● RECORDS PROVIDED
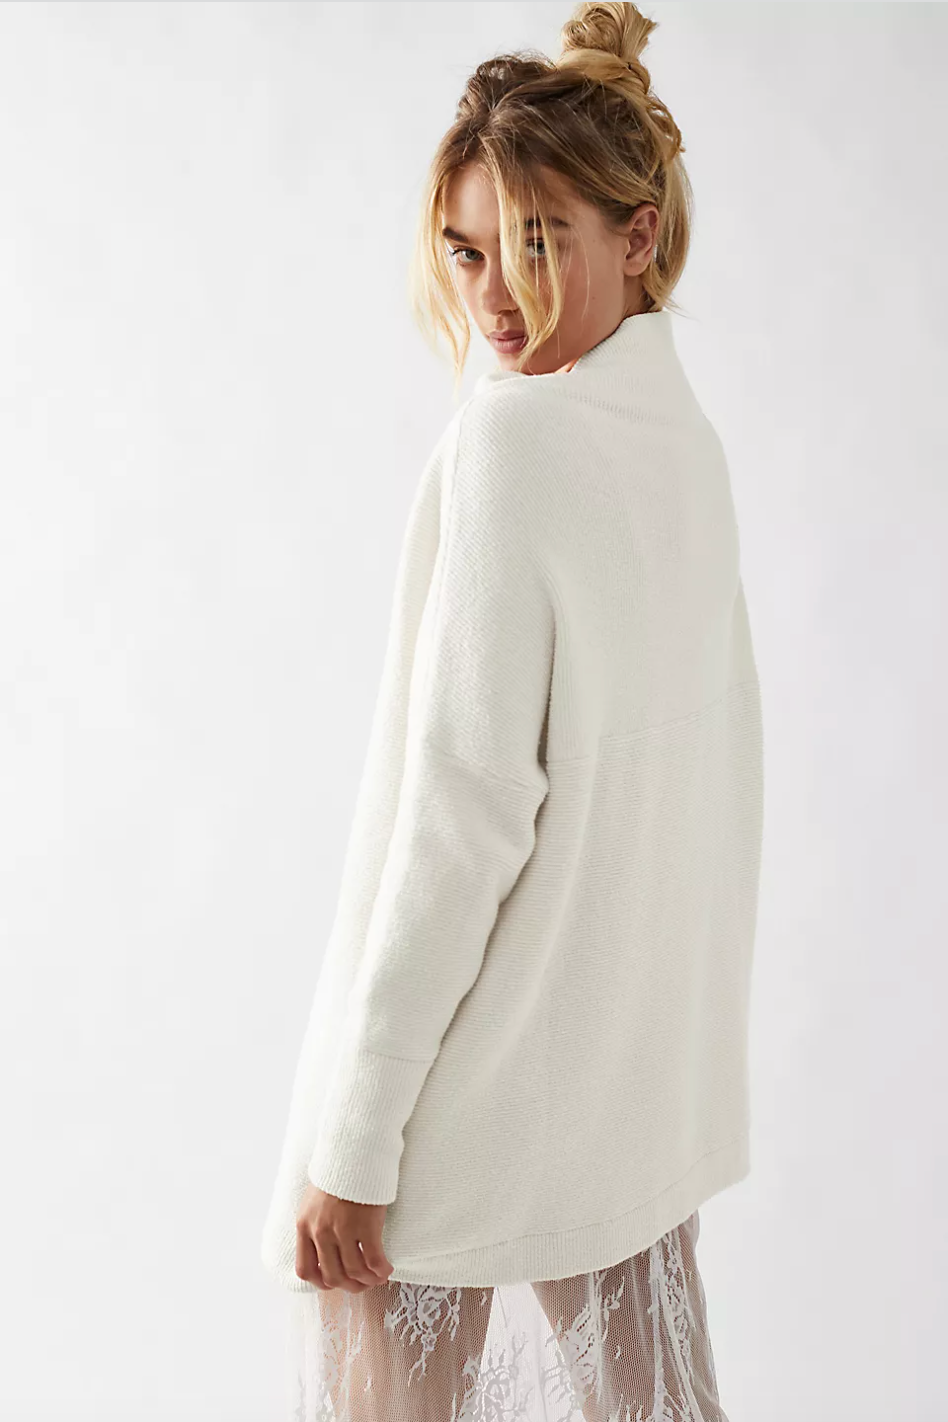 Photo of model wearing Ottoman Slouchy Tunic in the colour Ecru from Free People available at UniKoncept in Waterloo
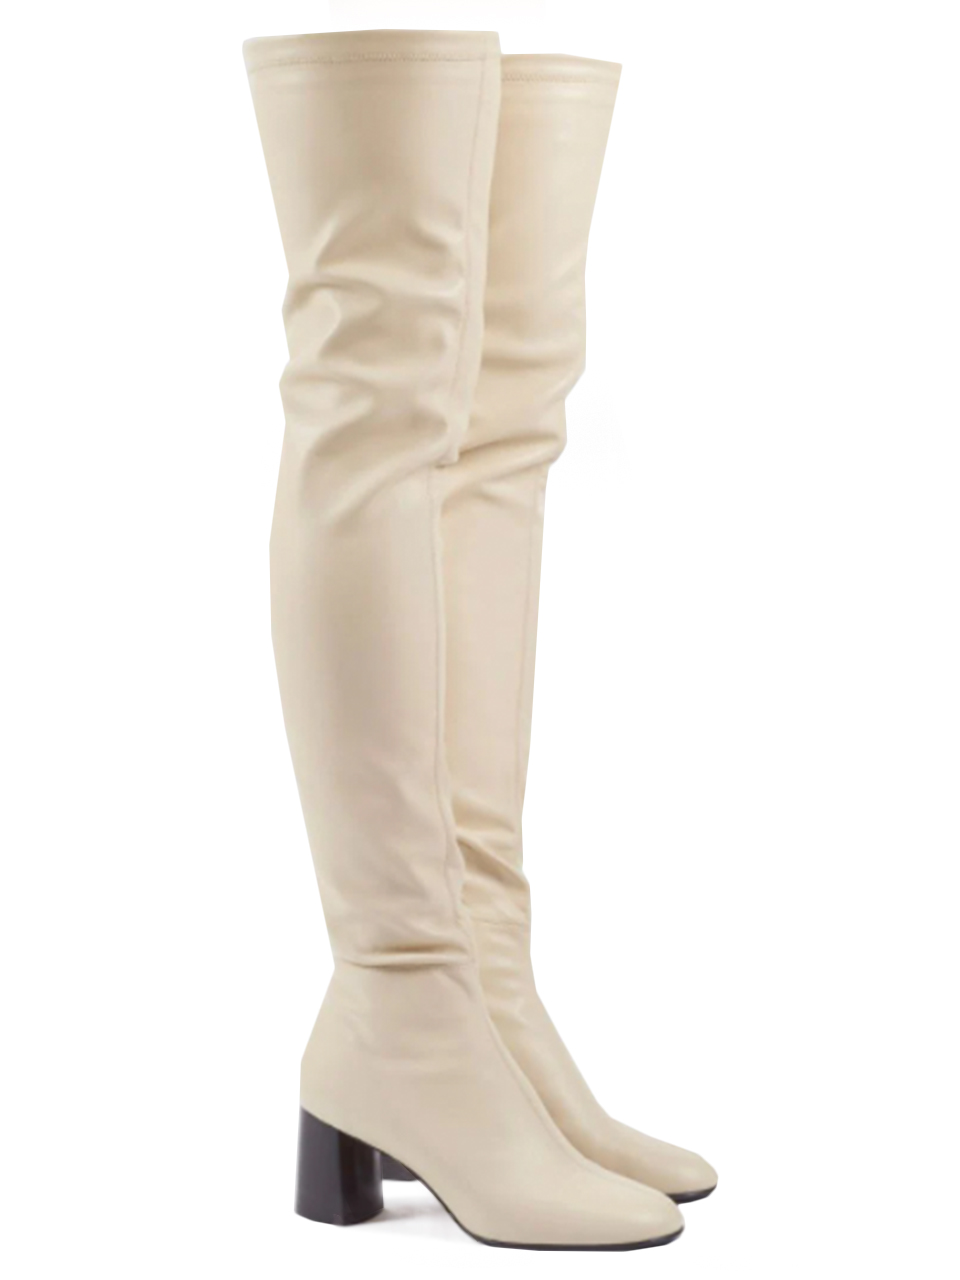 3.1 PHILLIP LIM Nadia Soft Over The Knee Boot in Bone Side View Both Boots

* * *

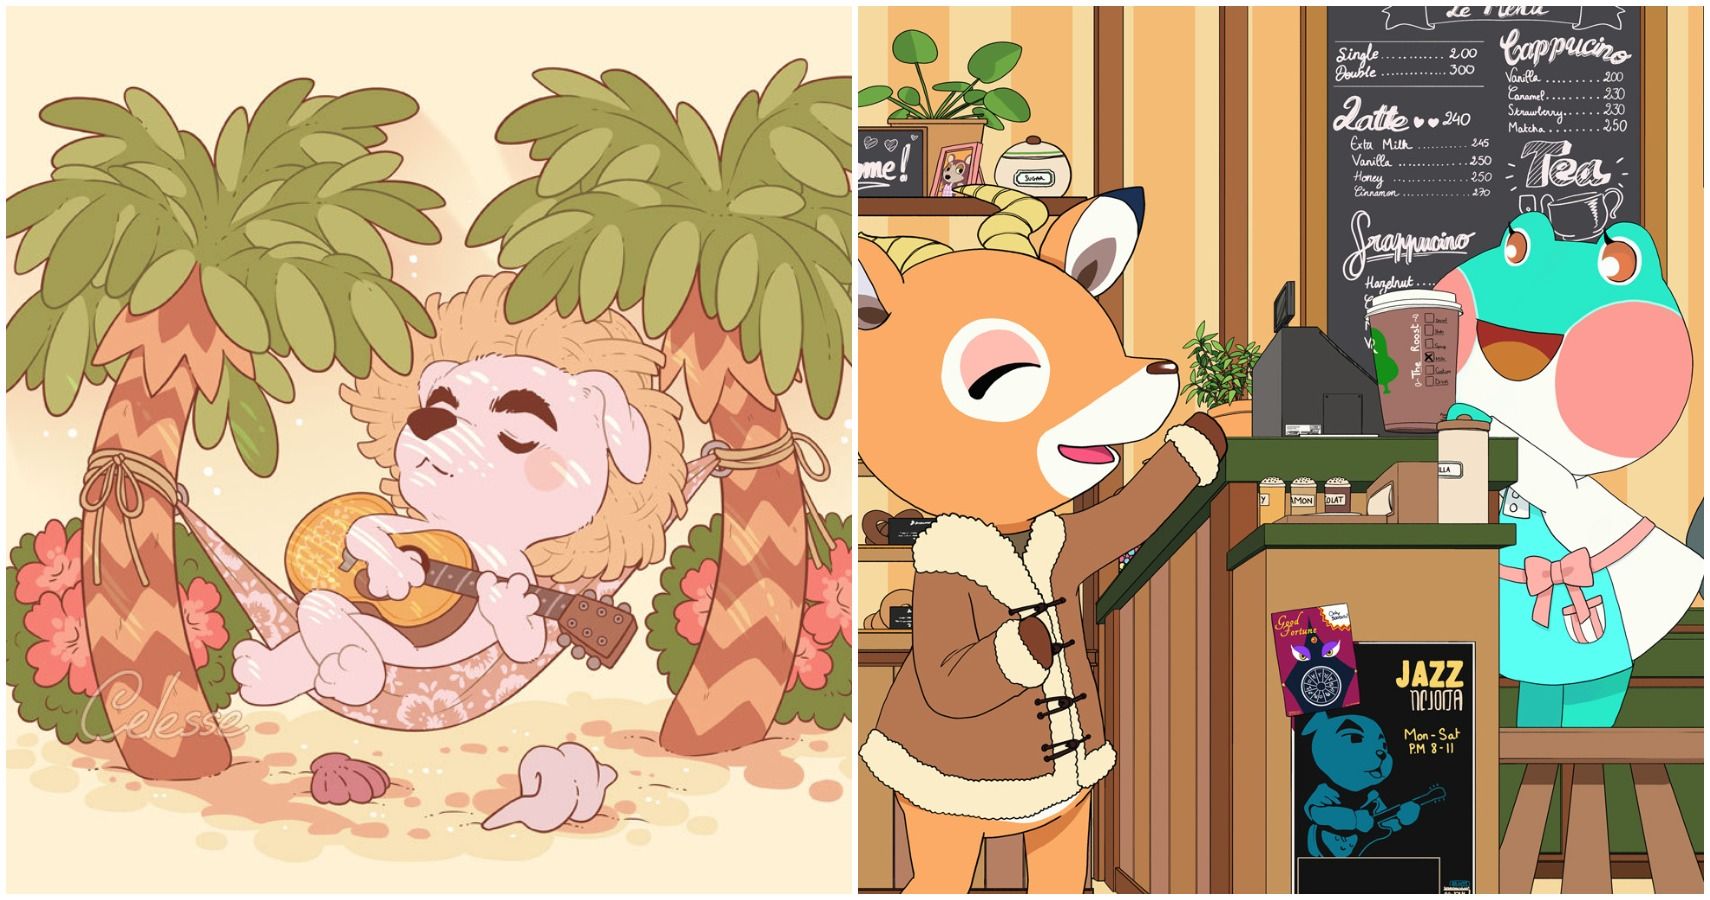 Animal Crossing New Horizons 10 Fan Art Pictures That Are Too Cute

--

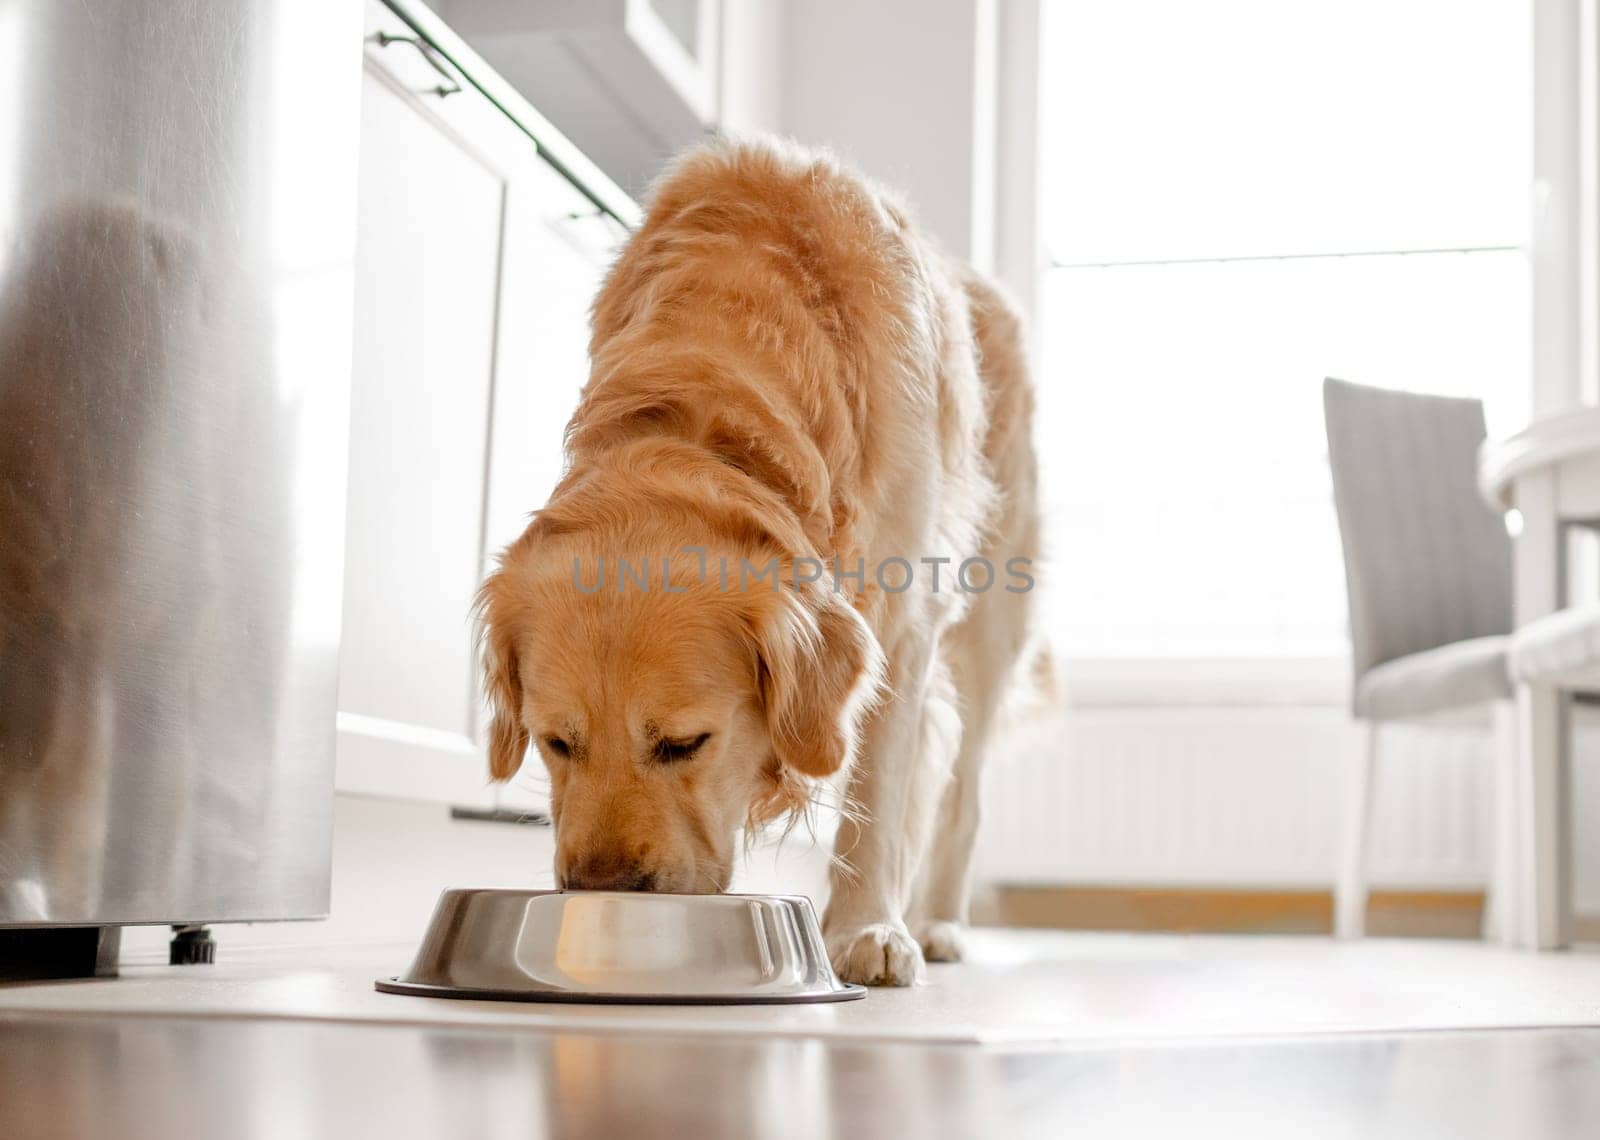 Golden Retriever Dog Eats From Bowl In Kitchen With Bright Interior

● WHAT TO PRODUCE
Your answer is the exact run of lines above from the one with "Photo of model" through the one with "3.1 PHILLIP LIM", both ends included, minus any picture.

● WRITTEN SOLUTION
 Photo of model wearing Ottoman Slouchy Tunic in the colour Ecru from Free People available at UniKoncept in Waterloo
 3.1 PHILLIP LIM Nadia Soft Over The Knee Boot in Bone Side View Both Boots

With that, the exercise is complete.